Irregular Webcomic! #3275

Christiaan Huygens. Public domain image from Wikimedia Commons.

The Ancients knew of five planets. They were points of light in the sky, like stars, but unlike the stars they moved around or wandered between the fixed constellations. You could track their movements relative to the stars over many days. Some moved faster than others. The swiftest ended up with the name Mercury, after the Roman messenger god, fleet of foot. The brightest, and second fastest, was named for Venus, goddess of love. The planet with the angry red colour was Mars, god of war. The second brightest, more stately in its movements, became Jupiter, king of the gods. The last planet was the slowest moving by far, so it became associated with the god of time and old age. That Roman god's name was Saturn.

Like the other five planets (and the moon and sun), we have inherited a day of the week named after its associated god: Saturday. Saturn was also associated with another time: the Roman festival of Saturnalia. Saturnalia was an end of year celebration marked by a playful overthrow of the normal rules and conventions of Roman civilisation. It involved feasting, gift-giving, and reversal of societal roles, with masters serving their slaves. All of these customs still take place at the same time of year in modern western civilisation, now associated with the occasions of Christmas and Boxing Day (though the role reversal has become much more limited in the last century or two).

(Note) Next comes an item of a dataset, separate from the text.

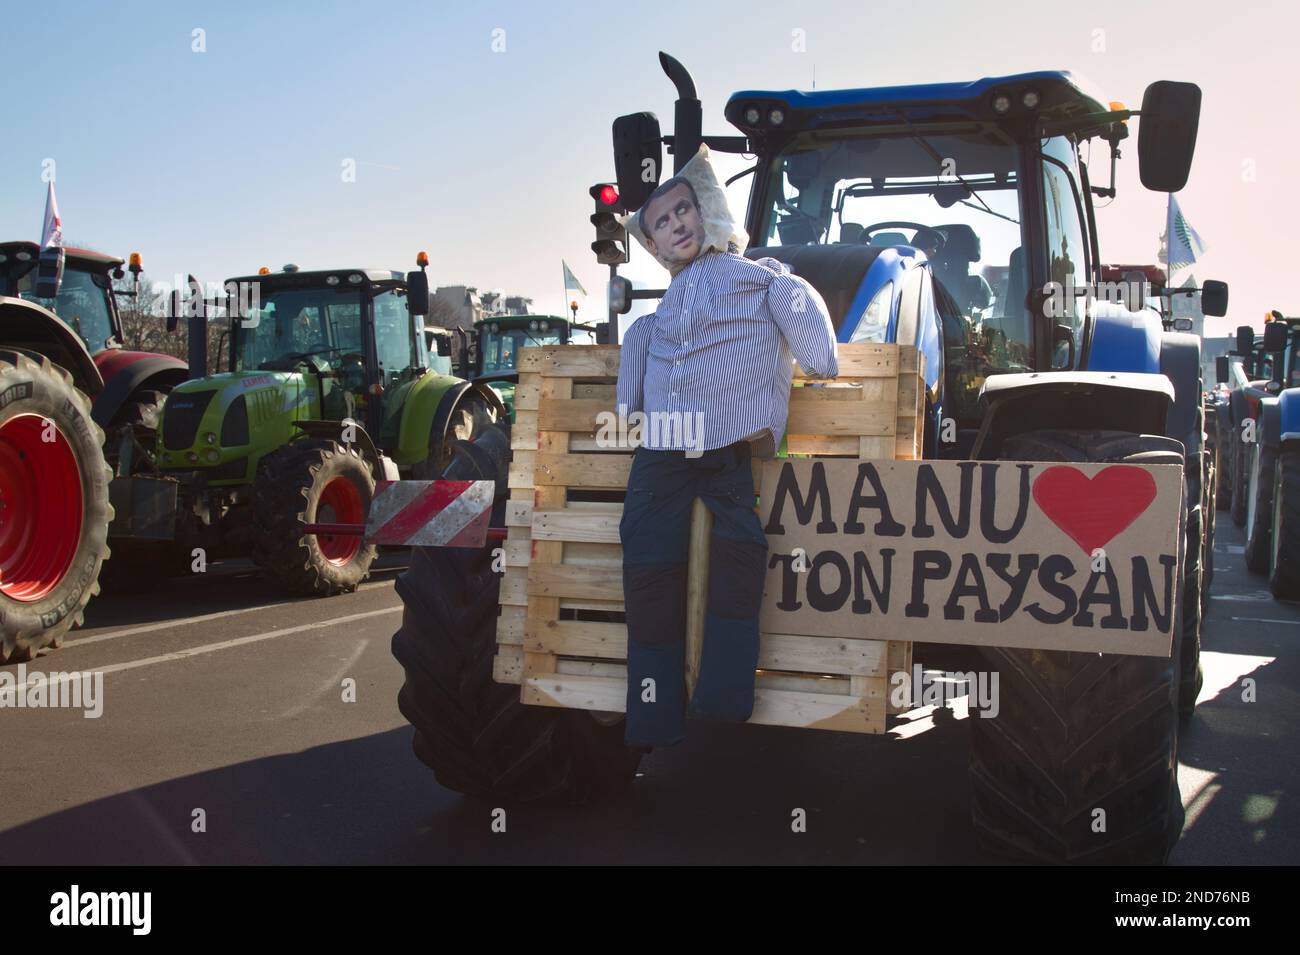 A Mannequin, Scarecrow Of Emmanuel Macron, French President Fixed To The Front Of A Tractor During The French Farmers Protest Against The French Government, Paris, 8th Feb 2023 Stock Photo

Saturn has also given us an adjective: saturnine. Its meaning relates to Saturn's ponderous movements across the sky. A saturnine person is dull, gloomy, and melancholy.

The reason Saturn is so slow in crossing the field of stars is that it is the furthest away of the classical planets. As Johannes Kepler first published in his Third Law of Planetary Motion in 1619, the time it takes a planet to move around the sun increases as the 3/2 power of the size of the orbit. Saturn, at almost twice the distance of Jupiter from the sun, takes two and a half times longer to complete one orbit. Whereas Jupiter cycles around its orbit in under 12 years, Saturn takes almost 30.

Saturn's best known feature was first observed by Galileo with his telescope in 1610. Having seen that Jupiter was accompanied by four moons, he found something much stranger when he looked at Saturn. There seemed to be projections sticking out from either side of the otherwise round planet. Galileo likened them to "ears". He had no idea what they were.

Giovanni Cassini. Public domain image from Wikimedia Commons.

The riddle was partly solved in 1655 when Christiaan Huygens made extensive observations of the planet. By watching it over months, he saw the "ears" change shape in a systematic way. Huygens realised what he was seeing was the change in angle as the structures tilted. This allowed him to work out the geometry. He concluded that the "ears" were a continuous ring, neatly encircling the planet and nowhere touching it.

Fascinated by the planet, Giovanni Cassini devoted much of his research to Saturn. His telescope was good enough to let him discern some structure in the ring, most notably a gap, splitting it into two separate, concentric rings. The gap is still known as the Cassini Division. What the rings were, or what they were made of, however, remains a mystery for another 200 years.

James Clerk Maxwell, the man who laid out the mathematical foundations of electromagnetism, also applied his mathematical skills to the dynamics of the rings. By applying Newton's law of gravity and an understanding of the strength of material objects, Maxwell concluded that the rings could not be solid objects. The gravitational forces at that distance from Saturn would tear apart a continuous ring made of solid matter. He proposed instead in 1859 that the rings were formed of many small fragments, each one individually orbiting Saturn like a tiny moon.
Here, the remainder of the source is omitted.